The man is now eighty-three and wears every day of it proudly. Looking weathered, but not frail; worn but not worn out, Kristofferson is touring with The Strangers, the band best known for backing Merle Haggard for a great portion of his career.

Kristofferson and Haggard, along with Waylon Jennings, Willy Nelson and longtime friend and muse Johnny Cash formed the core of what might best be called the outlaw country genre. Most of them are gone now, with only Kristofferson and Nelson still alive and working.

Kristofferson brings his show tonight to the newly renovated Civic Hall in Ballarat and the history of the man and his music hangs in the air. There isn’t any support act and nobody announces the band. They simply walk on without fanfare and begin to play. The strength of the material is where the value of the show is to be found. Songs like Sunday Morning Coming Down and The Pilgrim are unquestionably among the great depictions of hard living, and songs like Loving Her is Easier than Anything I’ll Ever do Again have aged with their composer, evolving with his impossibly rasped vocals into something approaching wistful melancholy.
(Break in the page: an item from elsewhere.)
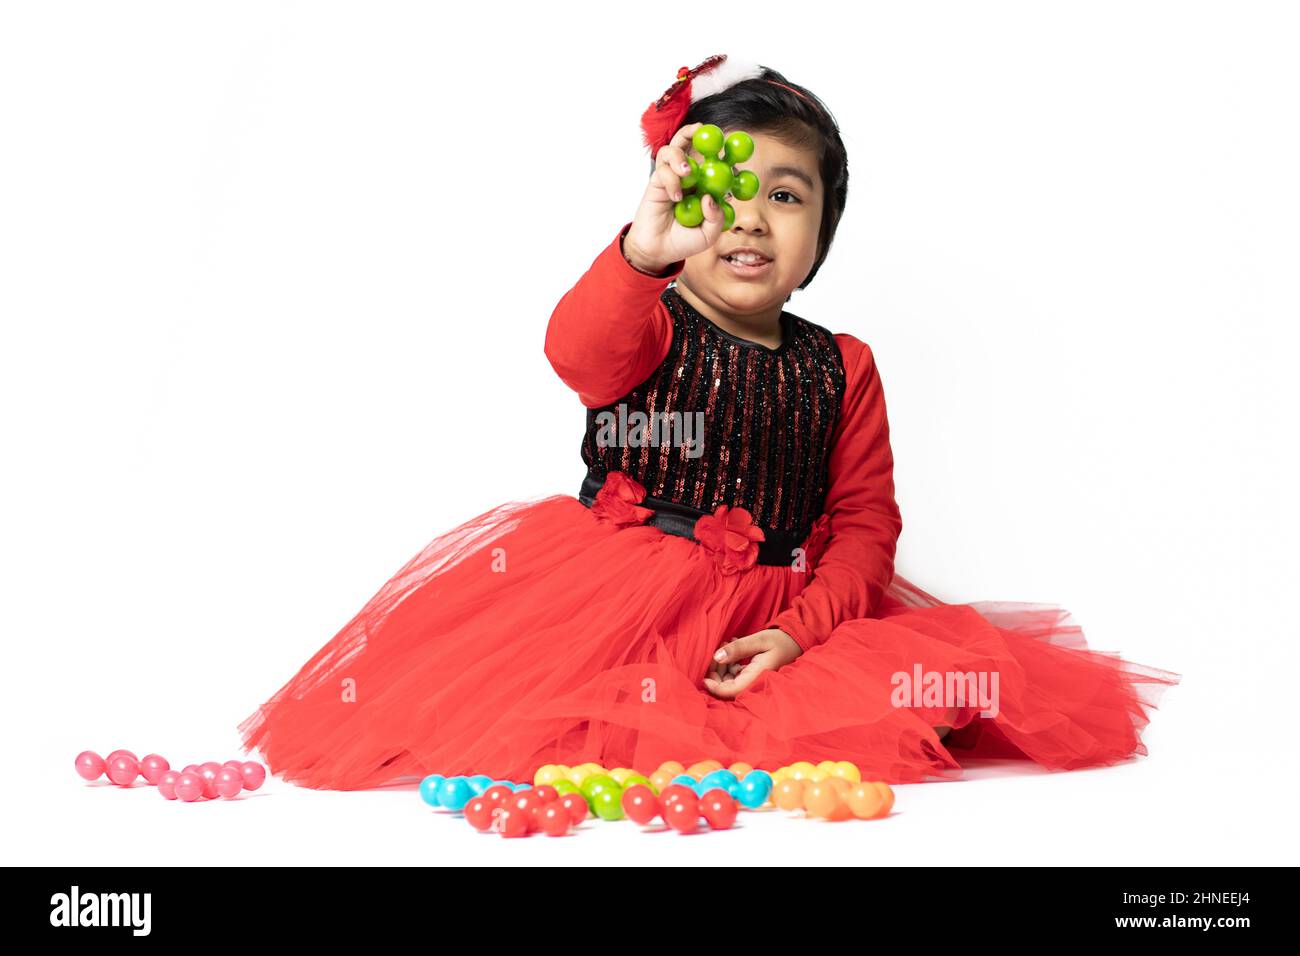 Happy Indian Pretty Girl Playing With Colorful Toys On White Background. Fun, Activity, Educational, Kindergarten, Birthday, Learning, Home Activity, Stock Photo

Of course, he plays the song Janis Joplin made a hit, Me and Bobby McGee, to the delight of everyone in the room. He also takes the opportunity to play some of Haggard’s songs, like Okie from Muskogee, Daddy Frank (the guitar man) and prison ballad Sing Me Back Home. Doing so is both a worthy tribute to the man’s music and a painful reminder of just how much we’ve lost in the last few years.

The music is deceptively simple in its construction, but within the confines of picked chords and some fiddle accompaniment the songs are so evocative, so suggestive of a time and an era that will soon be all but forgotten, that its hard not to get lost in them.

The audience are, as to be expected, older and a little more reserved than most. That, however, does nothing to diminish the sense that something very special is taking place as Kristofferson and the band work their way through two sets of about 50 minutes each. There isn’t a lot of interaction with the crowd, but also, there doesn’t really need to be- the songs speak for themselves.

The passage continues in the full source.